Given data.
^^^^^^^^^^^^^^^^

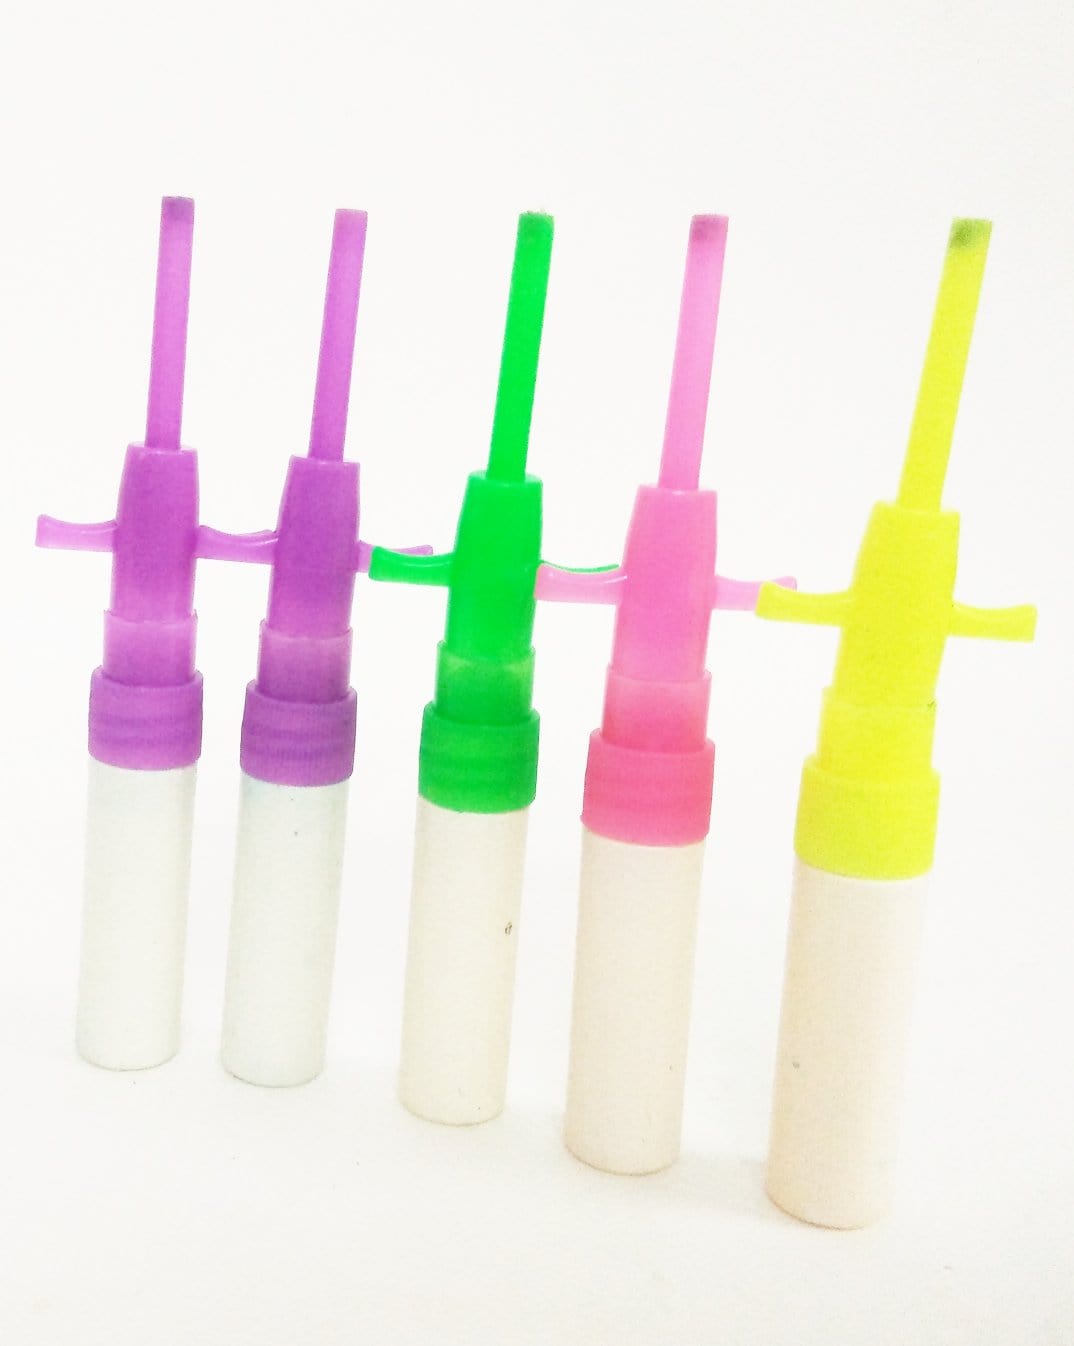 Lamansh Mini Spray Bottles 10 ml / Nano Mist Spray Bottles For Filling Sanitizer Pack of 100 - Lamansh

^^^^^^^^^^^^^^^^

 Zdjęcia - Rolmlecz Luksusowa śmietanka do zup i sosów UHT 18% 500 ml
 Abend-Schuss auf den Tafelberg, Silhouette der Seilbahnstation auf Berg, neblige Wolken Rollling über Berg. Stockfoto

^^^^^^^^^^^^^^^^

Assignment. Transcribe the lines above between the line holding "Zdjęcia - Rolmlecz" and the line holding "Abend-Schuss auf den", inclusive, exactly as they stand and with nothing added.

Answer area.
 Zdjęcia - Rolmlecz Luksusowa śmietanka do zup i sosów UHT 18% 500 ml
 Abend-Schuss auf den Tafelberg, Silhouette der Seilbahnstation auf Berg, neblige Wolken Rollling über Berg. Stockfoto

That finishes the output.